As a woman in her childbearing years, I am grateful for the increased choice I have when it comes to my maternity care. What I didn’t understand before giving birth though, was the impact these choices had on the experience I wanted for myself and my child. So as a public service (I promise I’m not trying to navel gaze here, although I won’t stop you from commenting on how brave, strong and skinny I am), I thought I would share my birth experiences. Please take them for what they are, my experience. What worked best for me will not be best for all women.
I have never felt more powerful than when I gave birth to my son, Baby Monster. I chose to deliver outside of a hospital at a free standing birth center in the Phoenix area. I had a midwife and a nurse who gently guided me through my twenty-one hour labor with a variety of techniques used by midwives for centuries. I felt a powerful connection with the women assisting me and to my foremothers who had birthed me and all humankind.

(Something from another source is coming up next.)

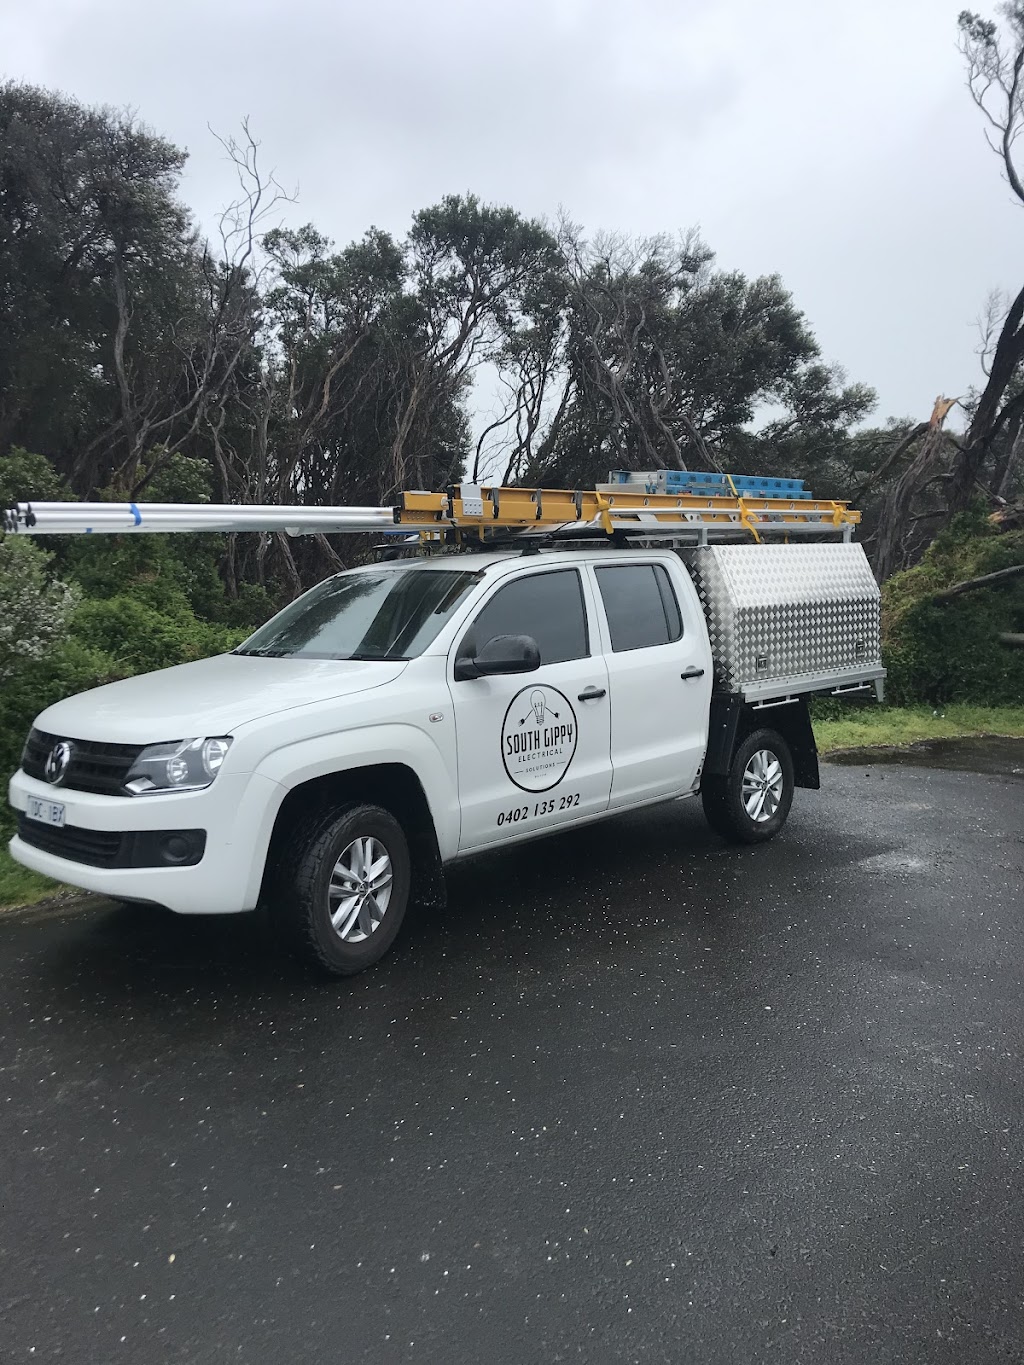 South Gippy Electrical Solutions | electrician | 30 Obrien Cct, North Wonthaggi VIC 3995, Australia | 0402135292 OR +61 402 135 292

As I transitioned to the last stage of labor, I entered into a dream-like place somewhere between mortality and death. At that moment I connected with the divine, a connection that supported me through the three hours of pushing it took to give life to my son. When it was all over, I not only had a beautiful baby but the knowledge that I had converged with something greater than myself.
When I got pregnant again, I was devastated to learn that my birth center had closed due to the sky-rocketing insurance rates midwives are charged. A homebirth was not something I felt comfortable with so I turned to the OB/Gyn that I had gone to for my annual pap smear. I had picked him because he was the first OB in my HMO directory to have an open appointment. I figured that since I already given birth, I could be assertive enough to stand up for the kind of birth I wanted. Unfortunately, I felt that there was always a power struggle between me and my doctor as to who controlled my pregnancy, birth and body. Due to gestational diabetes, early in my pregnancy the doctor informed me that he would induce my labor if he felt the baby was too big. Baby Monster had been ten pounds so I was not afraid to have a large baby but I stuck to a low-carb diet so as to prevent a medical induction. Despite my best efforts, when it came time for the ultrasound to determine the baby’s size, she was big and so the doctor scheduled my induction without my input or consent.
In an effort to regain some control, I induced myself using my trusty breast pump the evening before the scheduled induction. This labor was much more solitary than the first; I labored mostly alone with my husband and mother-in-law asleep nearby. My labor was short and intense, almost primal. I listened to Stravinsky’s Rite of Spring and Wagner’s Immolation of Brunhilde as I worked through each surge. Once again I entered that dreamland and felt the power of creation. I felt myself transition into the last stage of labor and knew I had to get to the hospital quickly. At this point I lost my connection with the dreamland and was never fully able to regain it. It seemed as I went through the process of registering and being checked, I stood at the doorway of that sacred place, looking in but not entering. The triage nurse panicked when she realized I was dilated to a nine and was about to have a baby. The doctor arrived just in time to demand I be given an IV, which of course didn’t take on either arm but effectively kept me from re-entering the dreamland of labor. Ten minutes later, Baby Valkyrie was born.
I am grateful to have had both experiences because of what I learnt from each one. Most importantly, I am grateful for the healthy baby at the end. Both the alternative and traditional experiences had their upside and downside. For example, my midwife was so easy going that she forgot to give me the gestational diabetes test which probably led to the size of my son and made the labor harder both on me and the Baby Monster. My OB/Gyn was very attentive to detail and I had an easier pregnancy and labor because of it. Assuming there are no complications, there is not a right way or a wrong way to birth as long as the woman is comfortable with the choices she is making. This is where I went wrong; I was never fully comfortable with the traditional medical model of birthing. I lost so much power in trying to fight my doctor that I was unable to regain it when I most needed it. So I guess my advice is, know what you want and then be true to that desire.

What Mary Kay Women Know

I sat through a two hour Mary Kay sales pitch a couple of Saturdays ago. This is not my usual choice of weekend activities but I was cajoled into going under false pretenses. You see, I have been living in the wonderful world of bridedom this summer. My younger sister got married three weeks ago and I had forgotten just how exploited this particular population is. (Watch this video, I promise it will make your day). My sister “won” a free pampering session for ten people through one of those horrible bridal registries and invited me and our younger sister to go get a free facial and massage. Despite all of my feminist rantings about the superficiality of the beauty industry, I am not one to turn down a massage, especially at eight-months pregnant. So Saturday found me kissing my husband and baby monster goodbye and happily skipping away to join my sisters for a morning of pampering and relaxation.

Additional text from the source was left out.